Can Someone Please Explain This Thing That I Saw in Cole Camp This Weekend?
Guys, this past weekend was a lot of fun for my boyfriend, NJ, and I. We went out and had some fun on a beautiful Saturday afternoon at the Cole Camp Fair.
Admittedly, we missed some of the competitions. And the parade. We needed our beauty sleep, okay? But we did see the rides, and a lot of different groups with all sorts of different crafts and goodies. We ended up doing some shopping at A Cole Camp Christmas (NJ's family is waaaaay into Christmas), we also stopped in to Back in Time Toys (nearly bought a Britney Spears Monopoly, had to think twice), and Happy Feet (NJ needed some Chiefs socks. Well, I decided that). And of course we had to get a couple slices from Calgaro's. Overall, solid time! It was so fun, and everyone there was having a great time. The weather was perfect, just the right amount of breeze. Good weather, good company, good shopping, good food. Can't beat it. NJ, who had never been to Cole Camp, was totally charmed by the whole experience, and was already talking about when we were going back. Then, as we were reluctantly headed out for the day, we saw....this.
Now, first of all, just know that NJ and I did not do anything stupid. We saw this on someone's grass but didn't step onto their property. Nor did we poke the animal or touch it any way. I ain't about to get no leprosy after a good day of games and sun.
But, you guys. I have so many questions.
First of all, is he dead? He could have been PLAYING dead, which is something I hear they do. Like I say, I didn't wanna risk trespassing or, you know, getting my eyes clawed out. I mean, I know that they're pretty docile creatures (I have Animal Planet, after all), but if he was playing dead, who knows WHY he was playing dead. Maybe seeing my pudgy mug would send him into panic mode, and there goes my eyes. It might have been just the one little shove needed to move him to choose the fight option versus flight. For all I know, he was on the run from a short, curly haired predator with glasses. And I wouldn't want to traumatize him like that.
So.... did he find the bottle, or did someone give it to him? Did he have a little too much fun on the Good Slide? It did look busy. He might have been hogging it a bit earlier. The kids might have chased him off and it wore him out. Was he recovering from a night in the Jaycee's Beer Garden? Did he get cut off after the Girls Next Door performance? He just got dehydrated and just...conked after too much fun? Maybe a friend did him a solid and gave him something to rehydrate him after it all. "Sleep it off, Artie, drink this when you wake up."
And if he IS dead, did he die because of the energy drink, or was it something else? He doesn't look squished, so he doesn't appear to be run over by a car or anything. I didn't touch him, again, 'cos, you know, leprosy, but he also didn't look like he was chewed on. Or maybe he was POISONED. I didn't check the bottle, maybe he was trying to give us a clue to solve the crime! WHERE'S ICE-T WHEN YOU NEED HIM?
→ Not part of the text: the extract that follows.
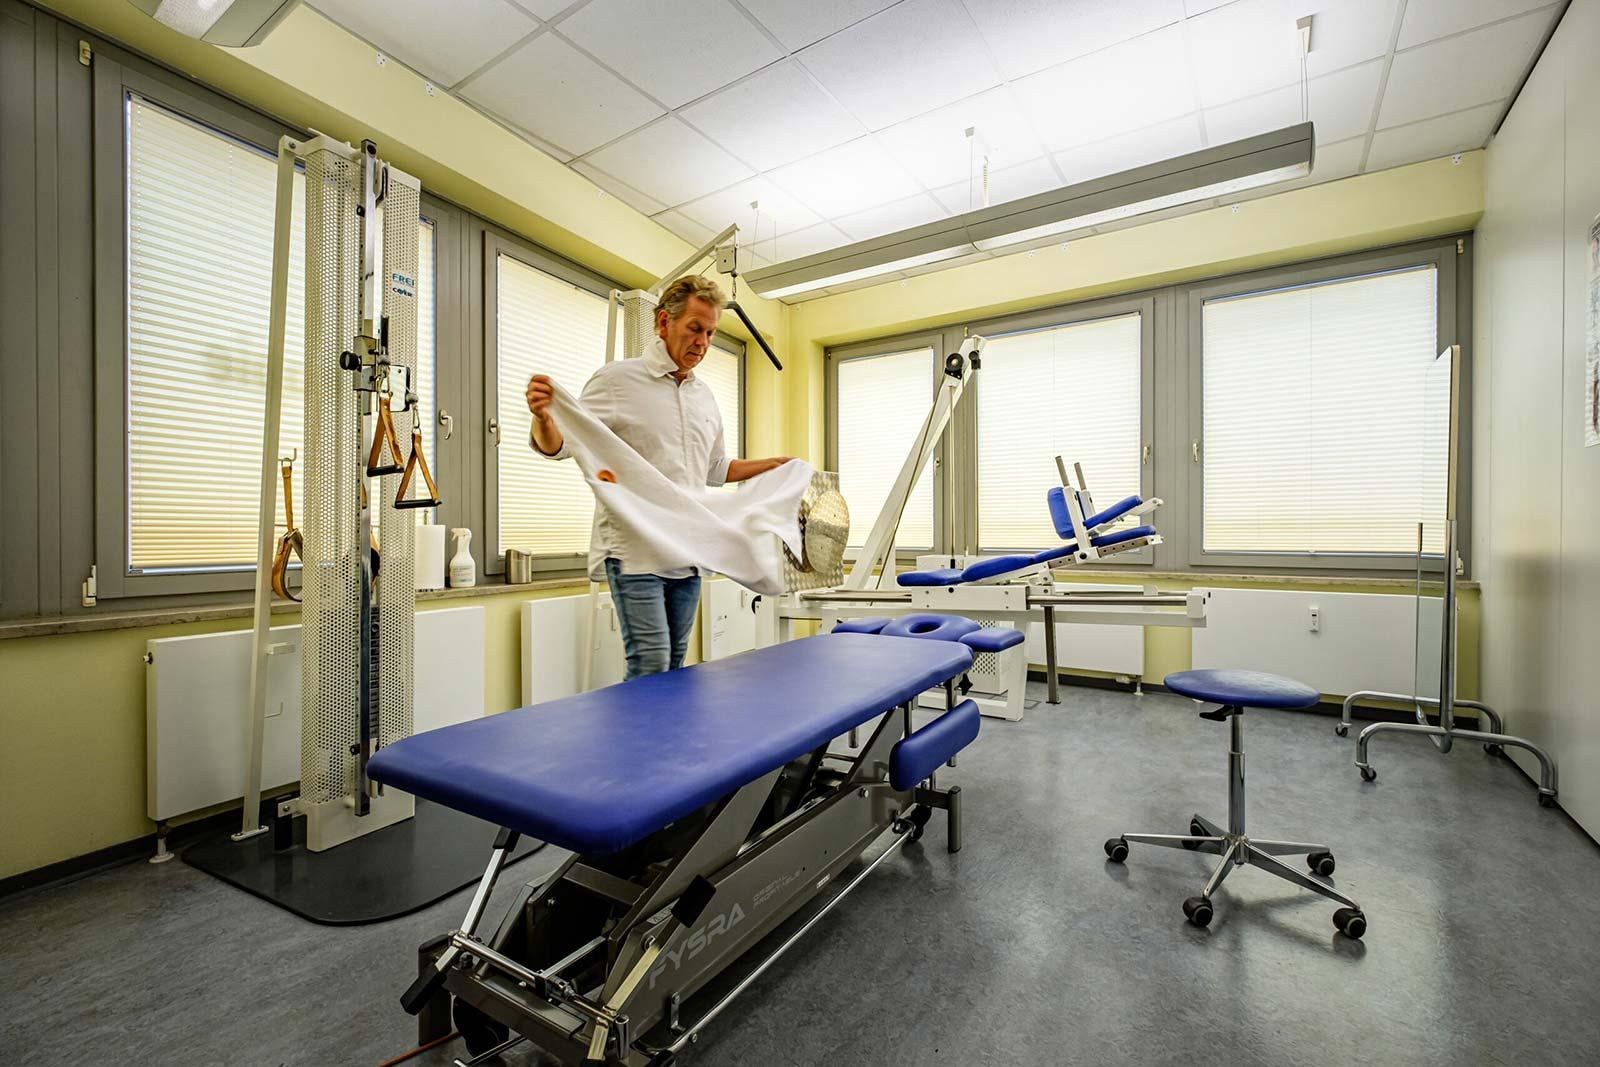 Physiotherapeut Joachim Ueck an der Behandlungsliege

He could very well be alive and just got scared. I hear they can play dead for.... well, a very long time. So maybe he got spooked not long before we saw him, someone gave him a bottle for when he woke up, and we just caught him at the right time?
That's the one I choose to believe. I'm sorry to say I don't have the answers for Artie the Armadillo. Let's just hope that somewhere out there, he's enjoying some funnel cake with extra insects or something. The world may never know, and the case of Artie the Armadillo will remain.....unsolved.